Clinical applicability of quantitative atrophy measures on MRI in patients suspected of Alzheimer's disease
- PMID: 35639148
- PMCID: PMC9668763
- DOI: 10.1007/s00330-021-08503-7
Clinical applicability of quantitative atrophy measures on MRI in patients suspected of Alzheimer's disease
Abstract
Objectives: Neurodegeneration in suspected Alzheimer's disease can be determined using visual rating or quantitative volumetric assessments.
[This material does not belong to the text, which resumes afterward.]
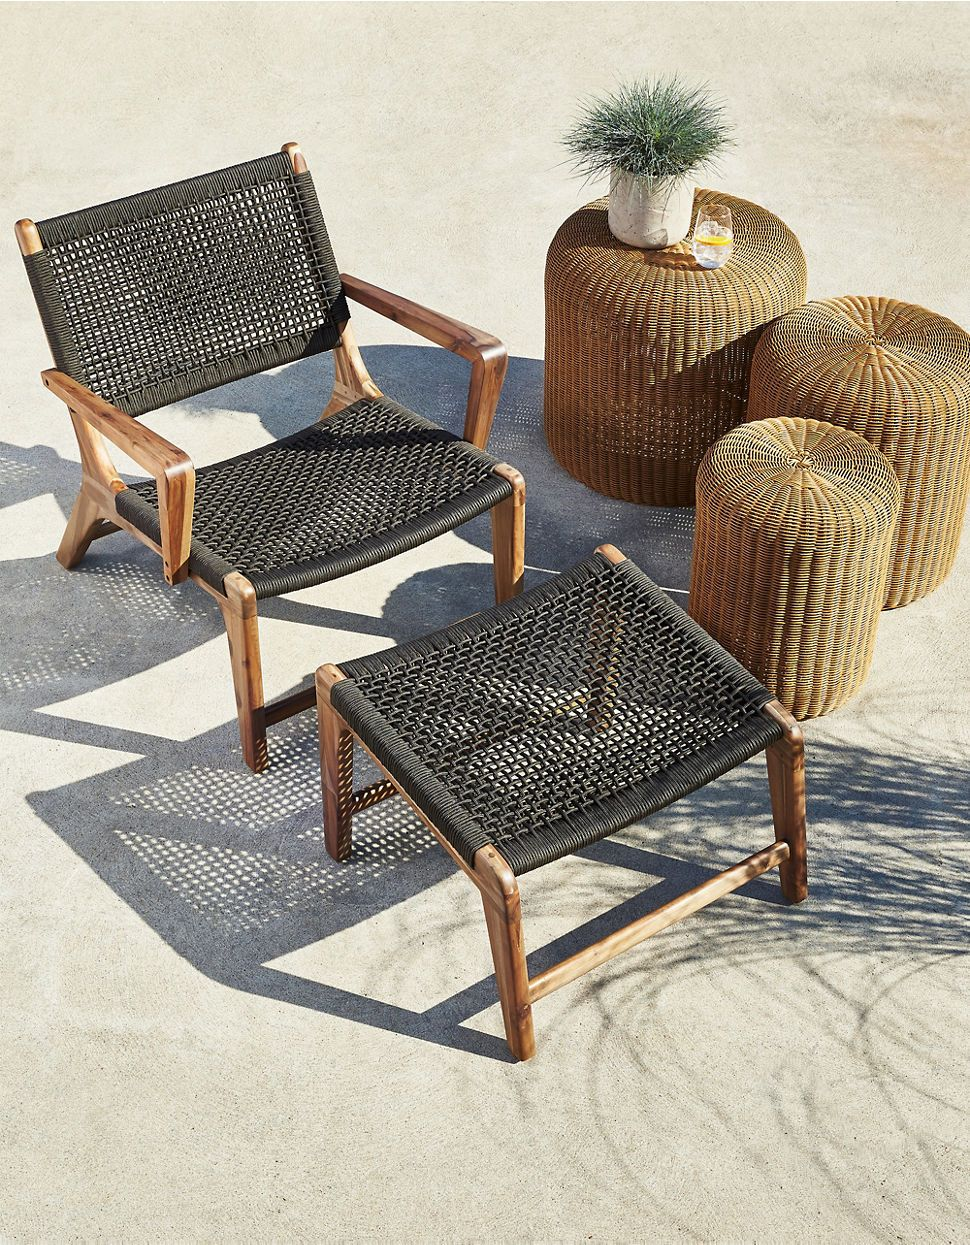 Kamala lounge chair with ottoman hudsons bay outdoor

We examined the feasibility of volumetric measurements of gray matter (GMV) and hippocampal volume (HCV) and compared their diagnostic performance with visual rating scales in academic and non-academic memory clinics.
Materials and methods: We included 231 patients attending local memory clinics (LMC) in the Netherlands and 501 of the academic Amsterdam Dementia Cohort (ADC). MRI scans were acquired using local protocols, including a T1-weighted sequence. Quantification of GMV and HCV was performed using FSL and FreeSurfer. Medial temporal atrophy and global atrophy were assessed with visual rating scales. ROC curves were derived to determine which measure discriminated best between cognitively normal (CN), mild cognitive impairment (MCI), and Alzheimer's dementia (AD).
Results: Patients attending LMC (age 70.9 ± 8.9 years; 47% females; 19% CN; 34% MCI; 47% AD) were older, had more cerebrovascular pathology, and had lower GMV and HCV compared to those of the ADC (age 64.9 ± 8.2 years; 42% females; 35% CN, 43% MCI, 22% AD). While visual ratings were feasible in > 95% of scans in both cohorts, quantification was achieved in 94-98% of ADC, but only 68-85% of LMC scans, depending on the software. Visual ratings and volumetric outcomes performed similarly in discriminating CN vs AD in both cohorts.
Conclusion: In clinical settings, quantification of GM and hippocampal atrophy currently fails in up to one-third of scans, probably due to lack of standardized acquisition protocols. Diagnostic accuracy is similar for volumetric measures and visual rating scales, making the latter suited for clinical practice. In a real-life clinical setting, volumetric assessment of MRI scans in dementia patients may require acquisition protocol optimization and does not outperform visual rating scales.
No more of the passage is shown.